What is Pseudopapilledema?

Swelling of the optic disc, also known as optic disc edema, and another condition called papilledema are important to diagnose early because they can be the initial signal for a variety of diseases that could lead to vision loss, harm to the nervous system, or even death. To clarify, optic disc edema occurs when a part of the eye called the optic nerve head swells due to a range of potential diseases affecting the optic nerve, including inflammation and compression, among others.
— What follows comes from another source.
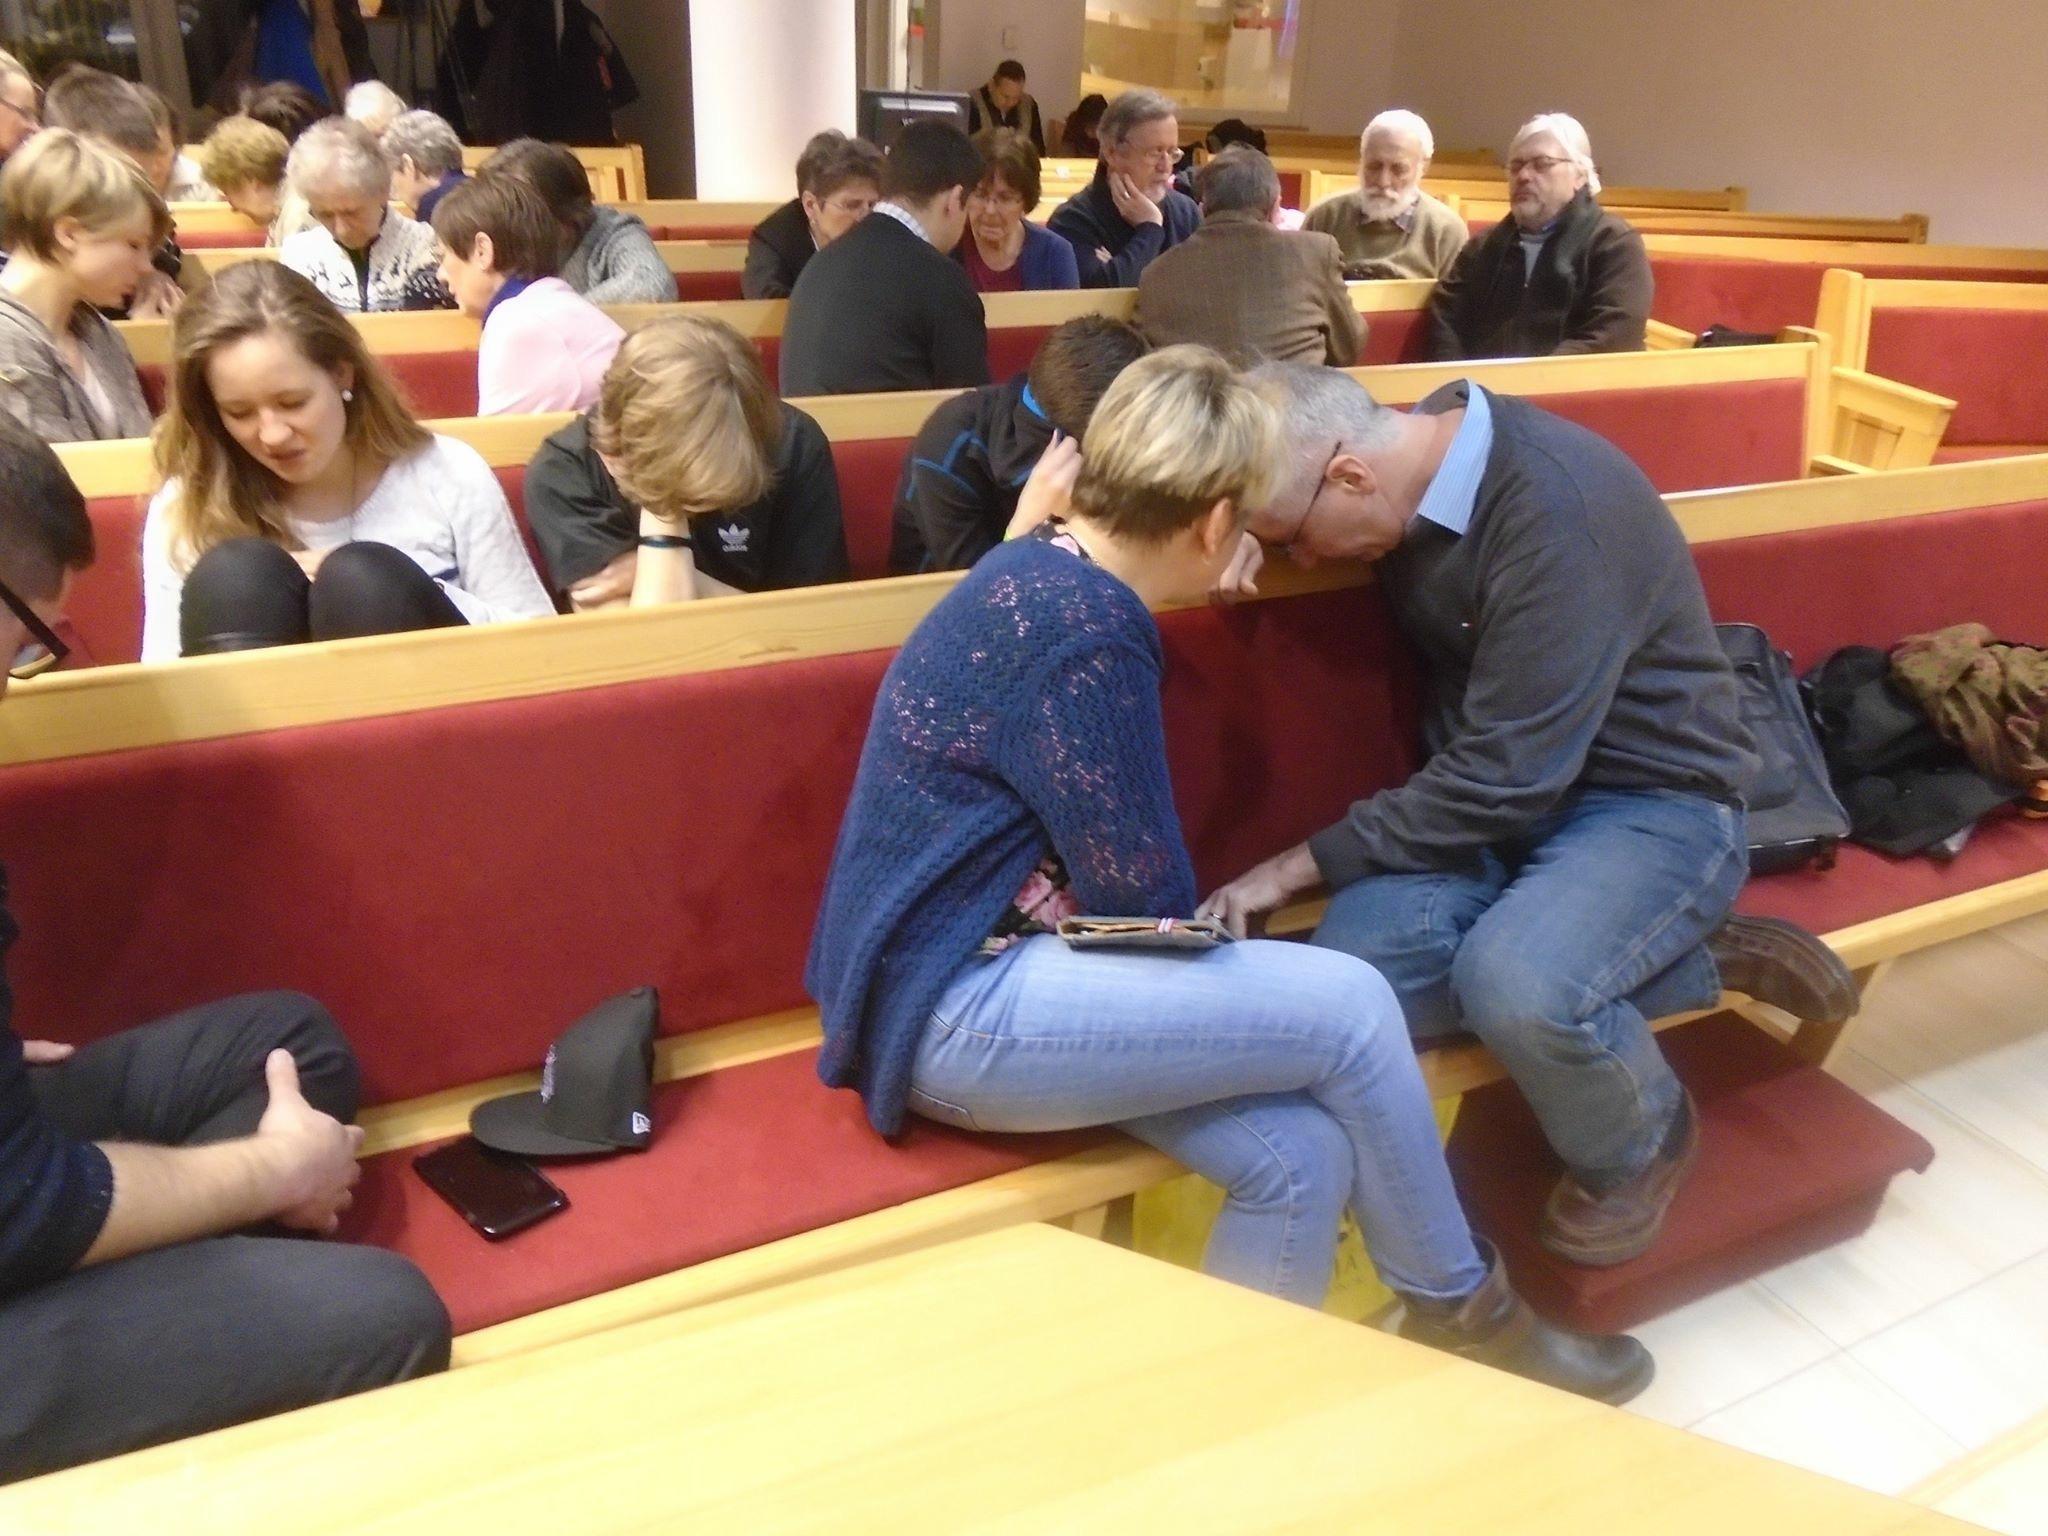 Prayer-event for the release of Andrew Brunson

On the other hand, papilledema refers specifically to optic disc edema resulting from increased pressure inside the skull.

It’s crucial to differentiate true disc edema from a condition called pseudopapilledema, which only mimics the swollen appearance of the optic nerve head without the actual swelling of the nerve fibers – these two conditions lead to vastly different health implications. Some eye abnormalities such as optic disc drusen (tiny rock-like formations in the optic nerve), congenital disc anomalies (birth defects), myelinated nerve fibers (nerves with an abnormal protective coating), and certain growths surrounding the optic disc, like astrocytic hamartomas, can give a false impression of pseudopapilledema.

This review will mainly concentrate on optic disc drusen. Careful eye check-up and some additional diagnostic tests can typically assist in distinguishing these causes of pseudopapilledema.

What Causes Pseudopapilledema?

Pseudopapilledema is a condition where there seems to be swelling of the optic nerve in the back of your eye. Many different factors can cause pseudopapilledema. For example, people born with small nerves and a crowded optic nerve area, typically seen in farsighted eyes (or those with shorter axial lengths – the measure from the front to the back of the eye), can show mild elevation of the optic nerve. On the other hand, in nearsighted eyes (with longer axial lengths), the optic nerve can be inserted into the eye at a slanted angle which can make one side appear higher than the other.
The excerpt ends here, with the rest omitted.